Все время, пока он говорил, Первенцев пытался высечь искру из пьезокристаллической зажигалки, поднеся ее к зажатой в зубах сигарете; щелчки метрономом накладывались на сумбурную речь Першина, навязывая ей ритм. Осознав тщетность усилий, следователь бросил зажигалку в кейс.

– У вас случайно спичек нет? – спросил он как ни в чем не бывало.

– Нет!.. Что?.. А, да, есть, – вынул Першин из заднего кармана брюк свою бензиновую зажигалку. – Мне можно закурить?
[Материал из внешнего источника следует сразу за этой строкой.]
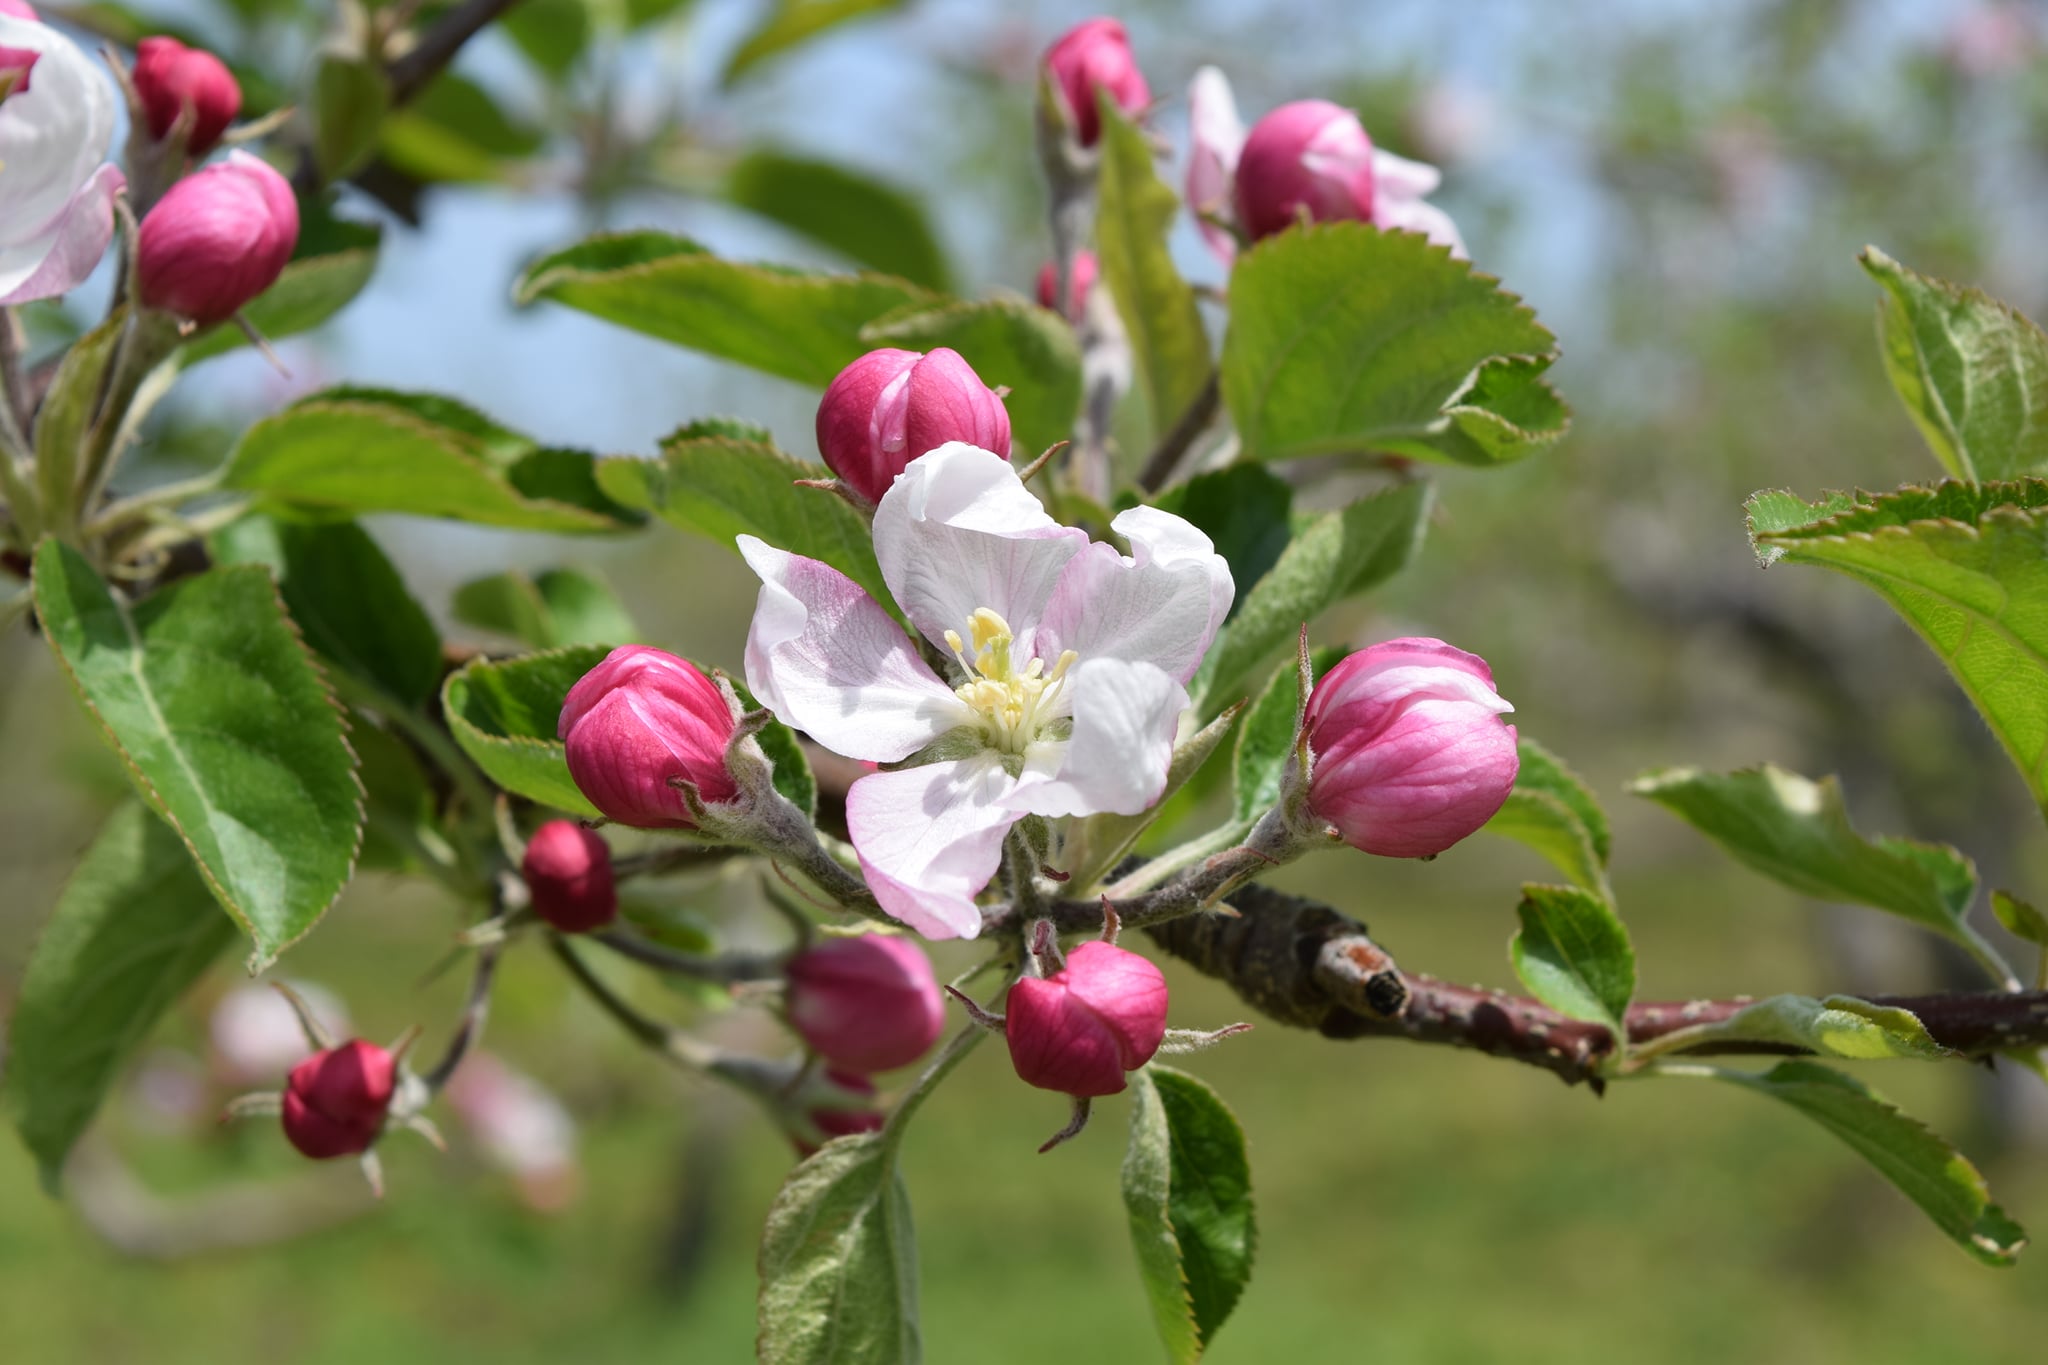 りんごの花の10日間 美しく咲くだけじゃない 確実に受粉をしてりんごの実に 弘前ぐらし 青森県弘前市の移住 交流 Ujiターン応援サイト

– Спасибо. Курите, конечно.

Оба закурили, словно после долгой, изнурительной работы по переноске тяжестей.

– Как хирургу вам бы полагалось быть более уравновешенным, Владимир Дмитриевич. Что вы так нервничаете, в самом деле? Отвечайте на вопросы, больше от вас ничего не требуется. Под стражу вас заключать никто не собирается. Пока. Допрос я провожу в рамках следственных мероприятий в соответствии с УПК. Вы здесь впервые?

– Где?

– В офисе, в кабинете жены?

– Да.

– Что же привело вас через год супружества именно в тот день, когда она была убита? Надеюсь, этот вопрос не покажется вам предвзятым?

– Проезжал мимо, решил навестить. Заодно занять немного денег. Я только что вернулся из отпуска. Поиздержался, – пролепетал Першин.

– Ездили по путевке?

– Дикарем. А что?

– И куда, если не секрет?

– В Сочи. Секреты от вас, кажется, называются «уклонением от дачи показаний»?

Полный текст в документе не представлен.